Participants were recruited through the ongoing Youth Mental Health Risk and Resilience (YouR) study [30] which seeks to identify neurobiological and psychological mechanisms and predictors of psychosis risk. CHR-P participants from the general population were recruited through an online-screening approach (www.your-study.org.uk) [31]. FEP and CHR-N participants were also recruited using this method while HCs were obtained from a volunteer database. A smaller number of CHR-P and FEP individuals were also recruited via referrals from clinical services in NHS Greater Glasgow and Clyde and NHS Lothian as well as student counselling services. Ethical approval was obtained from the West of Scotland Research Ethics Service and the University of Glasgow. All participants provided written informed consent.

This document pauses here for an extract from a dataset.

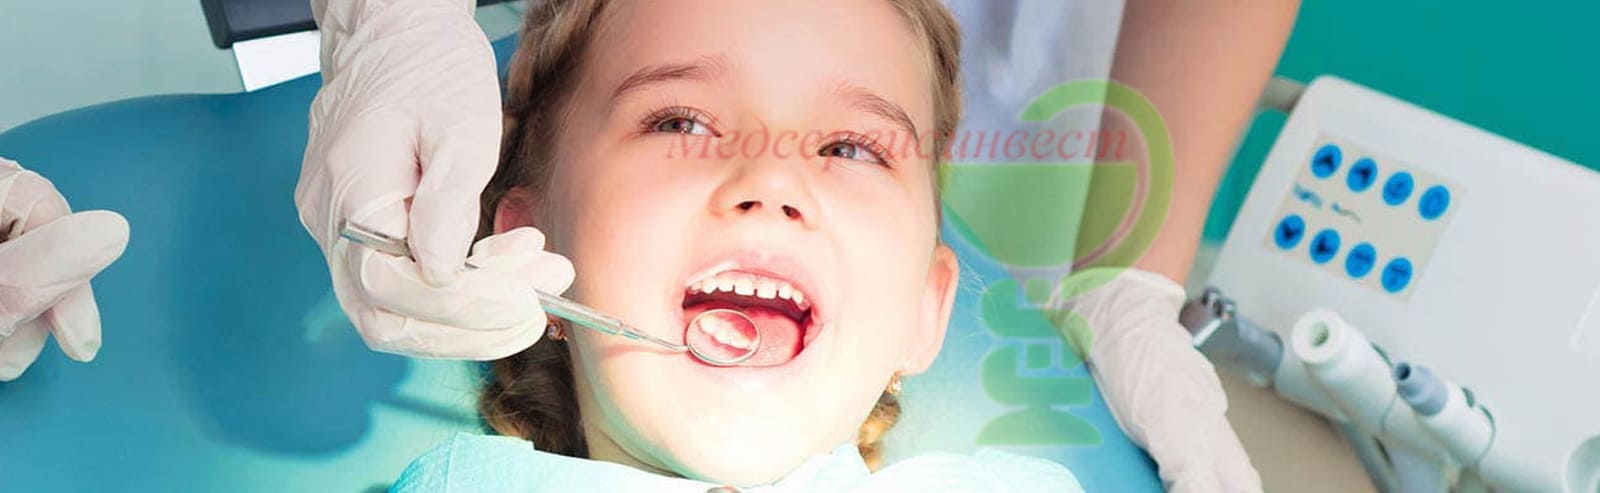 Детская стоматология в Минске, платный стоматолог, цены зубы лечение

Baseline data were available for 146 CHR-P participants, 15 participants with first-episode psychosis (FEP), 47 participants who did not fulfil CHR-P criteria (CHR-Ns) and 53 healthy controls (HCs). Unlike HCs, CHR-N participants met criteria for mood and anxiety disorders as well as substance use. Thus, the inclusion of the CHR-N group allowed us to potentially disentangle the impact of psychiatric comorbidity from the CHR-P state since mood and anxiety disorders are common in this population [32]. Referred participants comprised 11.0% of the CHR-P sample and 46.7% of the FEP sample. One hundred and twenty-two CHR-P participants (83.6%) also completed a follow-up session 6- and/or 12-months later.

Previous publications by our group have reported baseline demographic, clinical, functional and cognitive data from similar or smaller samples [31, 33,34,35].

Baseline assessments

To establish CHR-P criteria, participants received the positive scale of the Comprehensive Assessment of At-Risk Mental States (CAARMS) [6] and the Cognitive Disturbances (COGDIS) and Cognitive-Perceptive Basic Symptoms (COPER) items of the Schizophrenia Proneness Instrument, Adult version (SPI-A) [36].

Participants were recruited into the CHR-P group if they met one or both SPI-A criteria (i.e. COGDIS, COPER) and/or at least one of the following CAARMS criteria: APS, genetic risk and functional deterioration (GRFD), brief limited intermittent psychotic symptoms (BLIPS). FEP criteria were established using the Structured Clinical Interview for DSM-IV (SCID) [37] and the Positive and Negative Syndrome Scale (PANSS) [38].

Cognitive assessments consisted of the Brief Assessment of Cognition in Schizophrenia (BACS) [39] and three tasks from the Penn Computerized Neurocognitive Battery (CNB) [40]: the Continuous Performance Test, the N-Back Test and the Emotion Recognition Task which provide measures of accuracy and response time (RT) for attention, working memory and emotion recognition respectively (Supplementary Table 1). Furthermore, with the exception of the FEP group, all participants were assessed with the Mini-International Neuropsychiatric Interview (MINI) [41], Global Assessment of Functioning (GAF) scale from the DSM-IV-TR, Global Functioning: Social (GF: Social) and Role (GF: Role) scales [42], Premorbid Adjustment Scale (PAS) [43] and National Adult Reading Test (NART) [44].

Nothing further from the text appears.